Lorne is overflowing with bird-life, hopefully the increase in development and cat numbers won’t change this too much. Even in the last few years the Pied currawongs seem to hang around all year round, bigger and more boisterous, they don’t seem to have had too much effect on the smaller bids — yet. Then down at the river, the ducks are in a perpetual state of feeding frenzy, stuffed to immobility on bread from the tourists. We’re just as guilty, putting out seed for the parrots and the odd bit of bacon rind for the kookaburras…
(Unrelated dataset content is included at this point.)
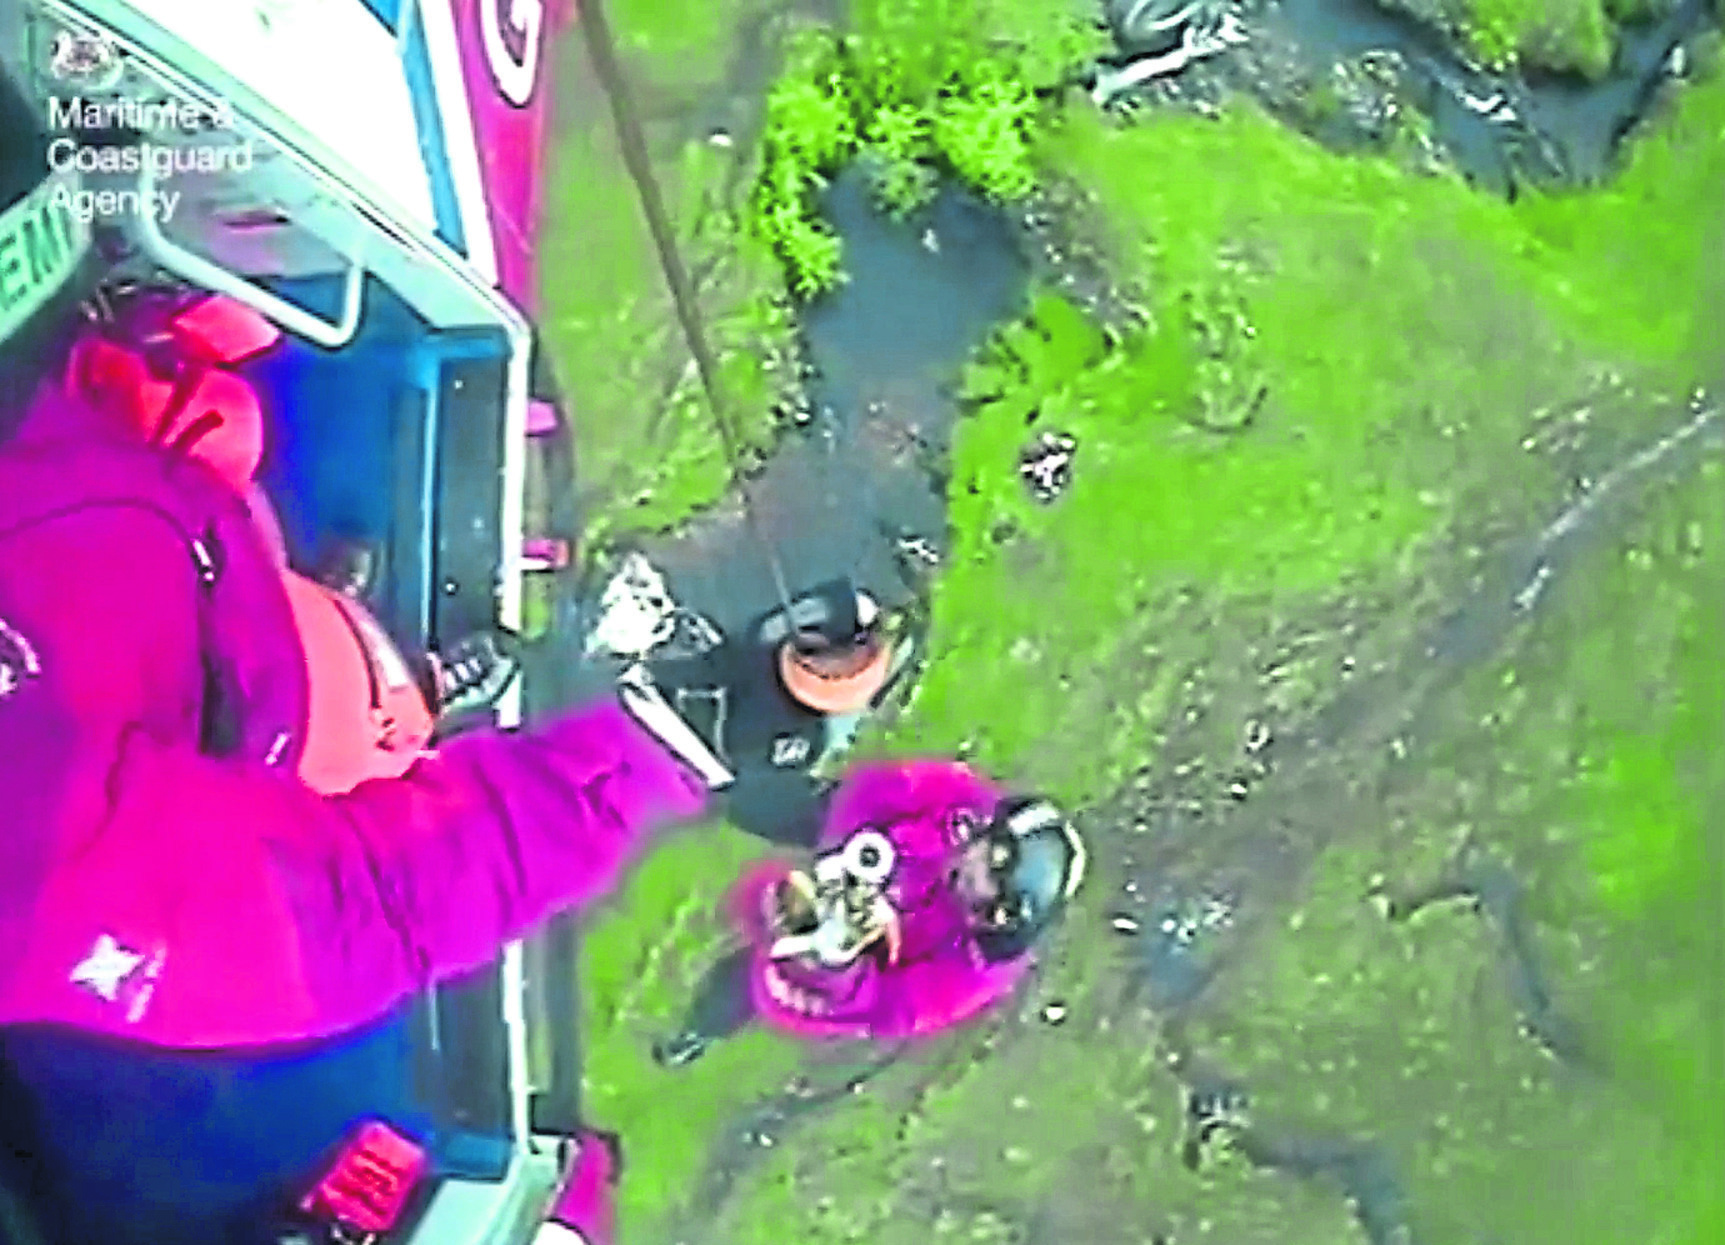 A teenager was also winched to safety from a river gorge near Ben Nevis

From breakfast to lunch time I think we counted thirty different species, the first five in under a minute just by looking out the window. King parrots, a Gang-gang cockatoo, a currawong chasing a family of blue wrens, a pair of Eastern spinebills chasing each other through the wattle branches. Thornbills picking up insects, Red wattlebirds and New Holland honeyeaters poking into the grevillea flowers.
Walking down to the beach there’s the ubiquitous magpie and raven, Black duck and Wood duck in the river, a Pied cormorant perched above it and a pair of White-faced herons asleep on the bank. Sulphur-crested cockatoos and Galahs over the scrub, Pacific gulls, Little terns, Masked lapwings and another cormorant out at the pier. “Gerroff ya stoopid duck,” yells the fisherman — somewhat ignorantly — as the cormorant steals his bait for the second time. Common starlings, sparrows, Indian mynas and swallows all hopping or flitting around as we have a coffee.
A Black cormorant, a Laughing kookaburra, then out on a bike ride later in the day there are three Pied oyster-catchers flying over the rockpools, Goldfinches near the pub, Pied mudlarks on the lawns. Enough! I don’t think I got to thirty, but I probably missed some.